» Raw data:
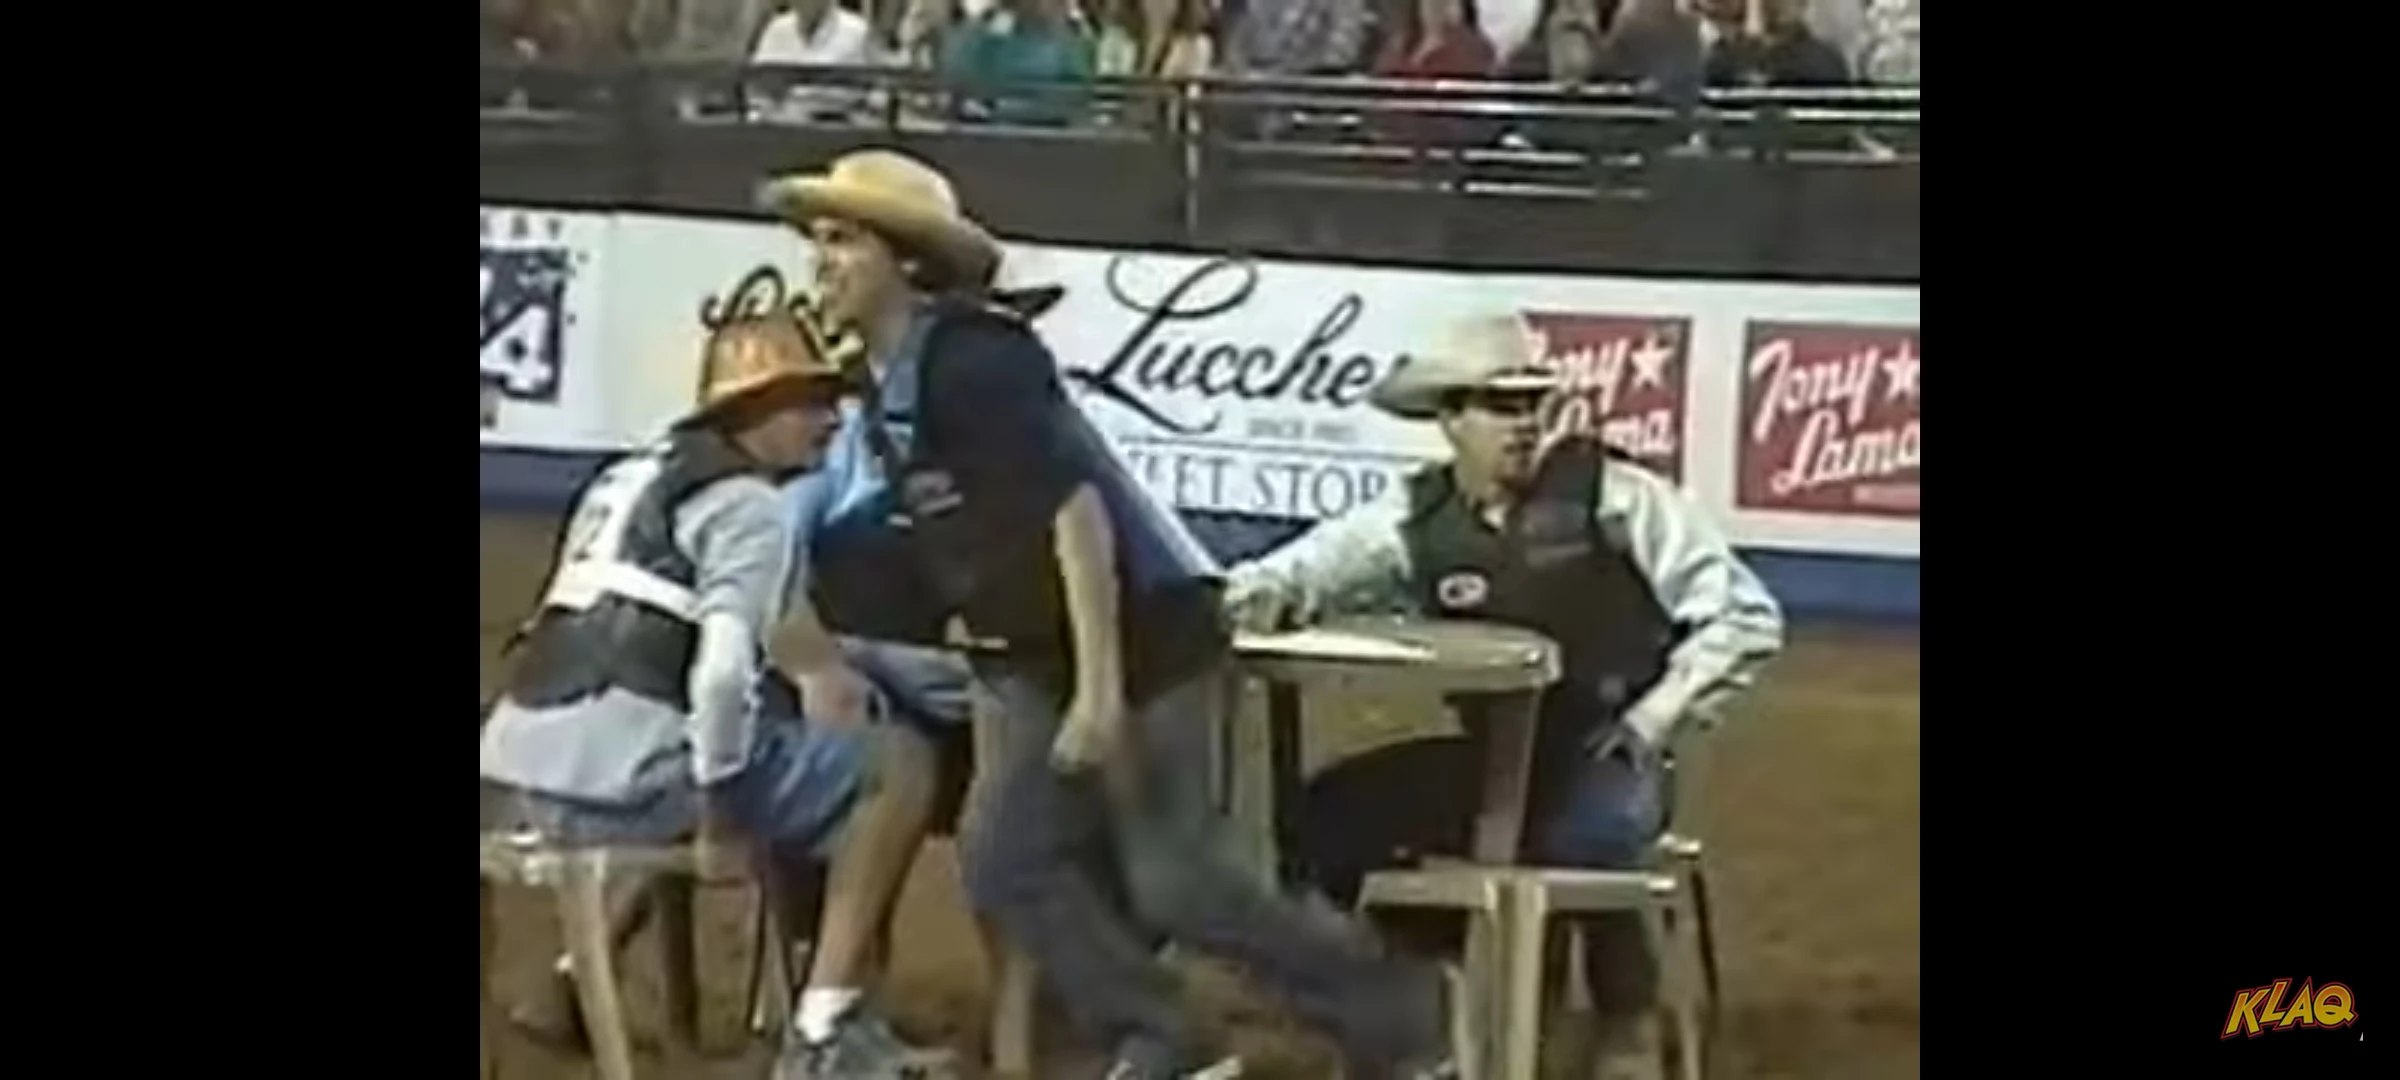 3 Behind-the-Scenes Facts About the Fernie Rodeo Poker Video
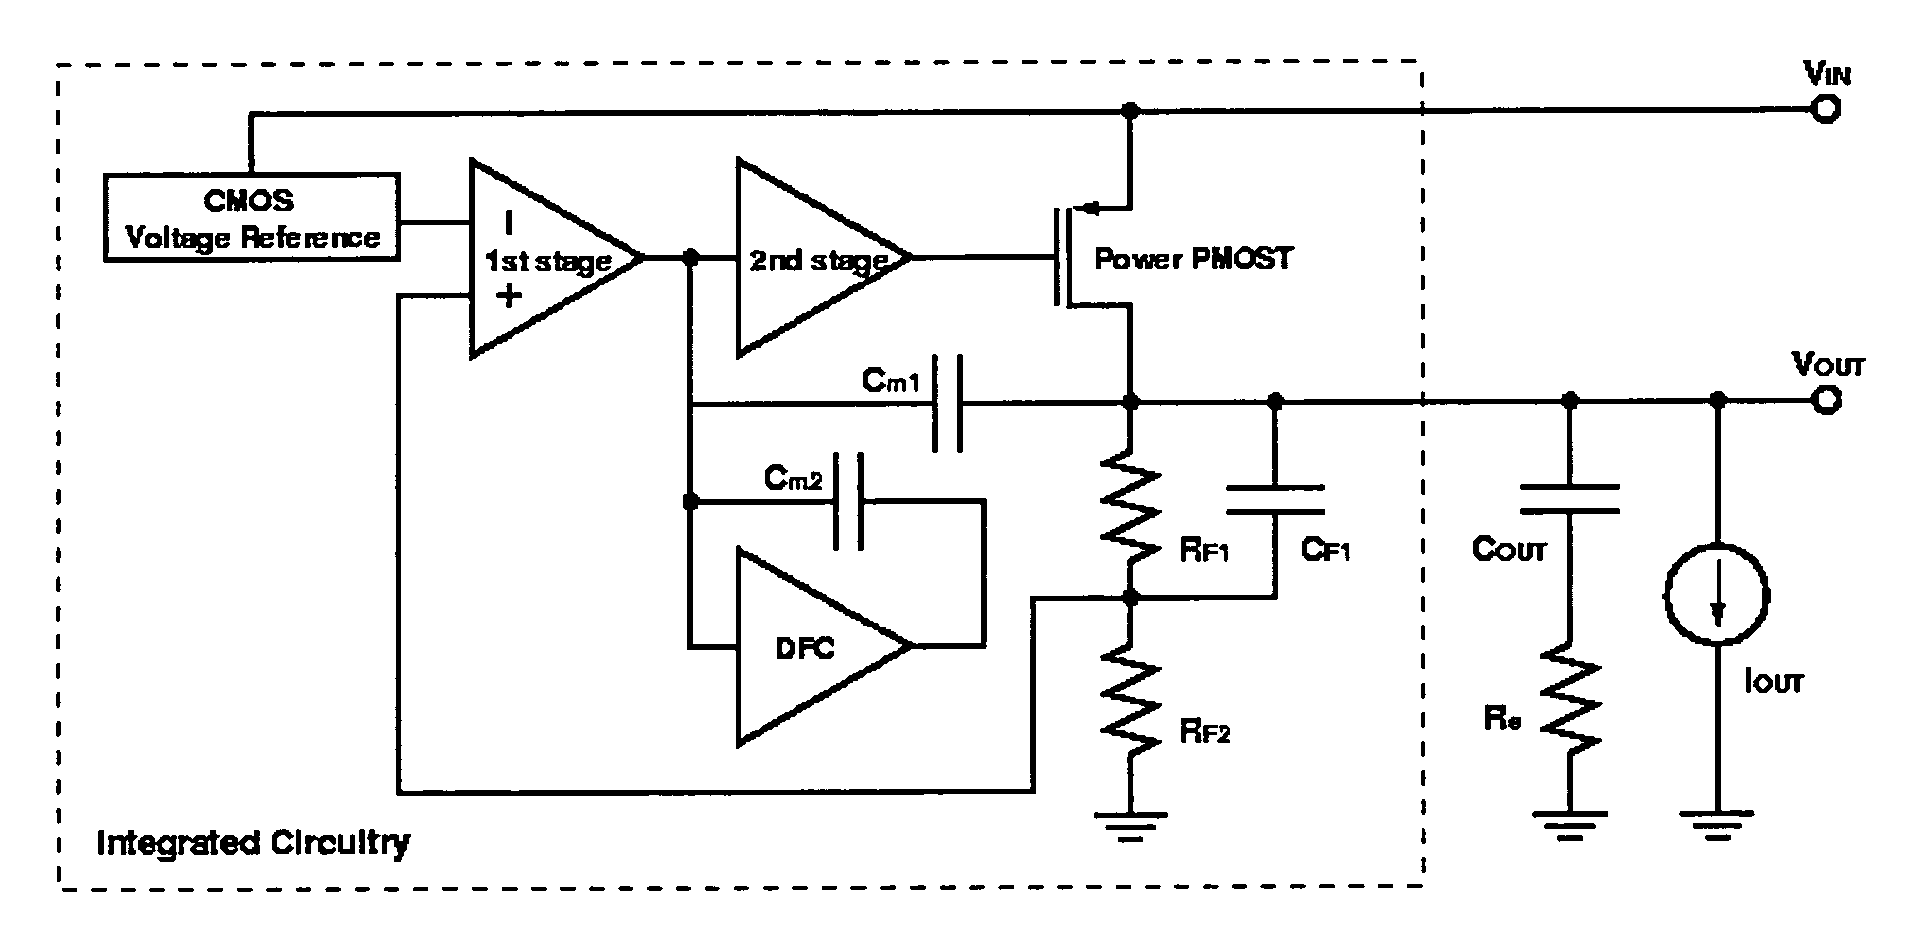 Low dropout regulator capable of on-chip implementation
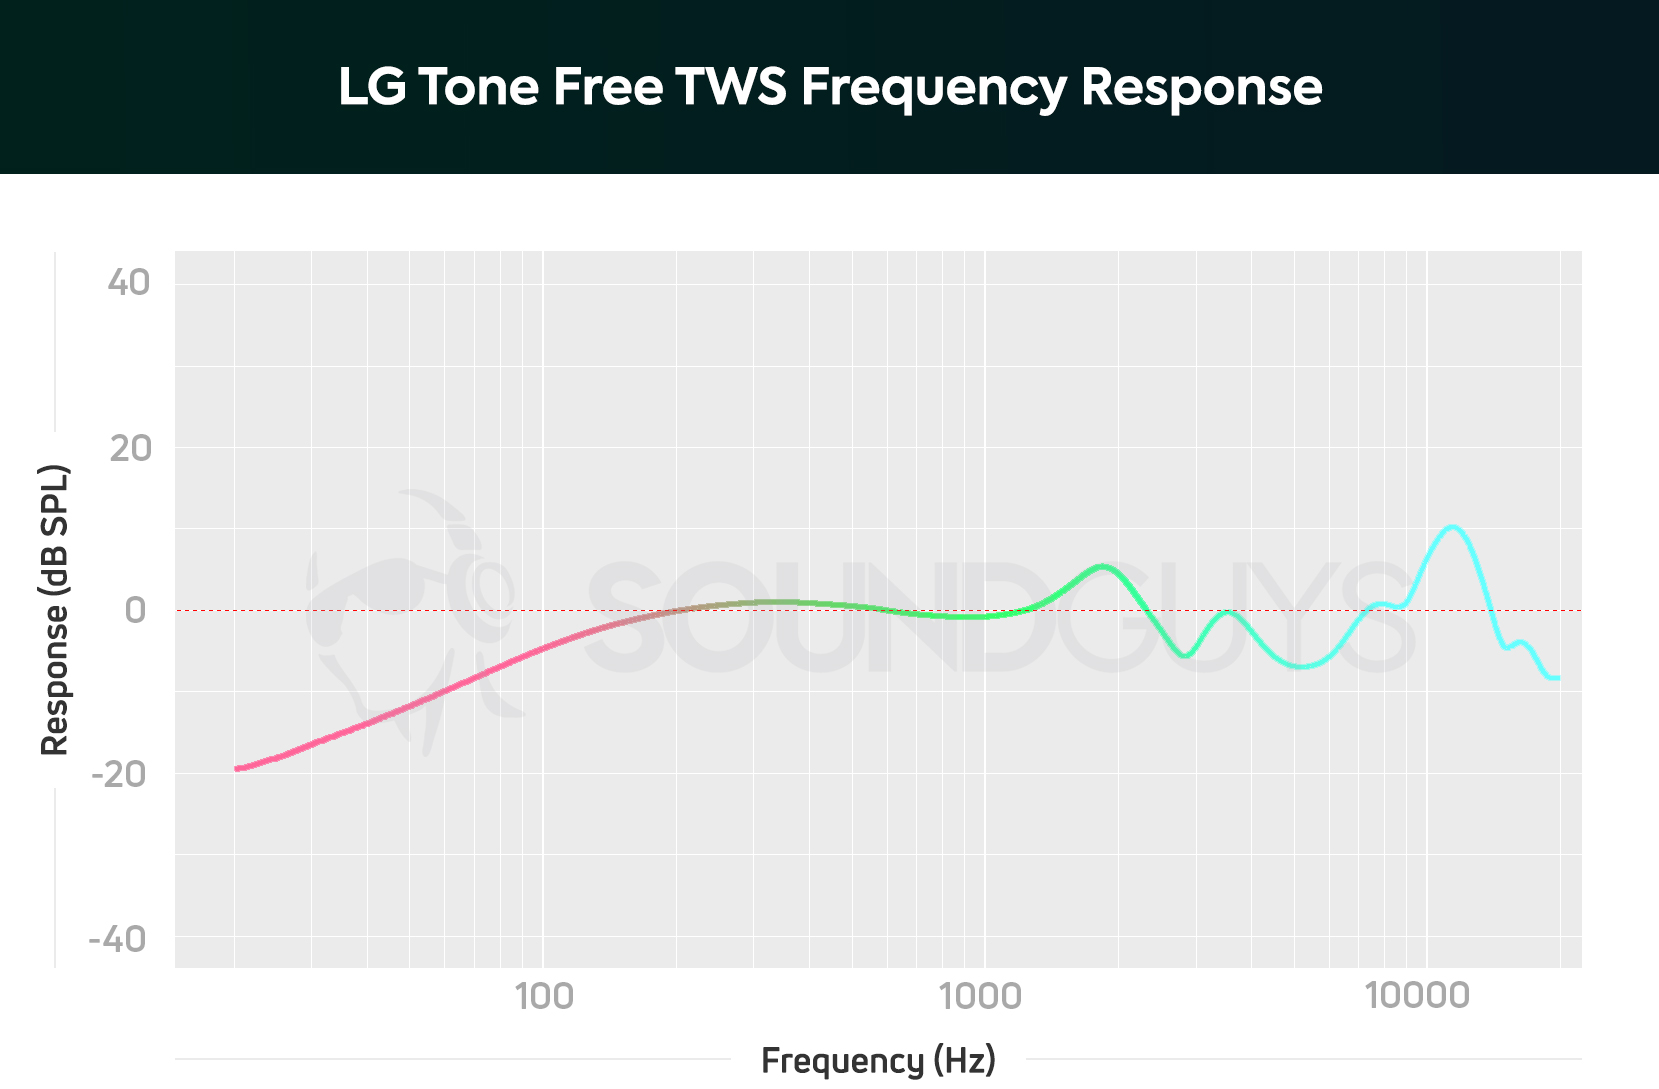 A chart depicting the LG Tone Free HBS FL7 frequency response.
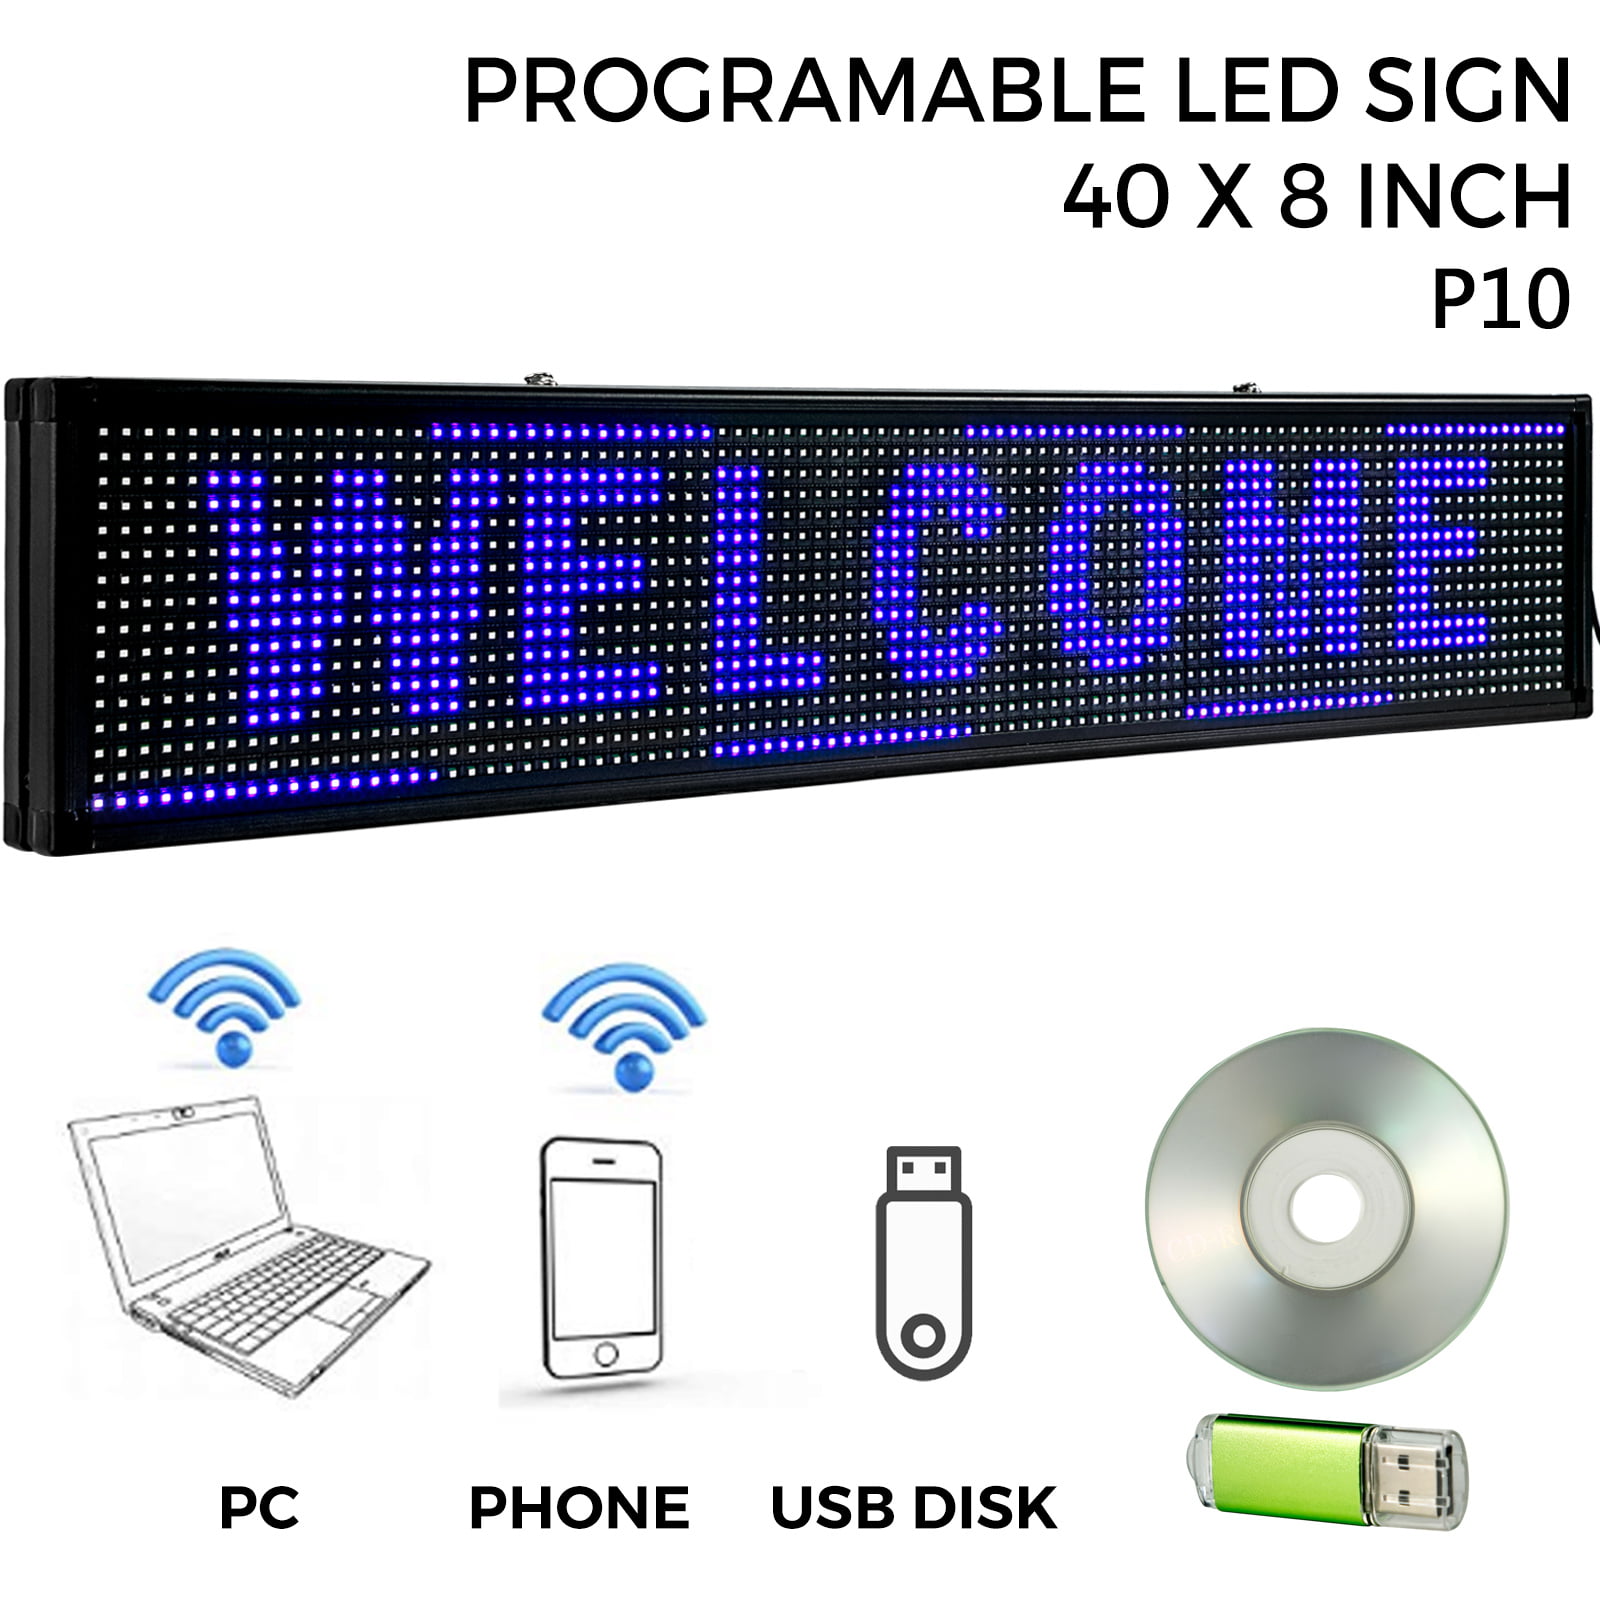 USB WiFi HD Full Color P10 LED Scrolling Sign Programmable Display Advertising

» Task statement:
Could you restate all of the data above word for word and skip every picture?

» Response:
 3 Behind-the-Scenes Facts About the Fernie Rodeo Poker Video
 Low dropout regulator capable of on-chip implementation
 A chart depicting the LG Tone Free HBS FL7 frequency response.
 USB WiFi HD Full Color P10 LED Scrolling Sign Programmable Display Advertising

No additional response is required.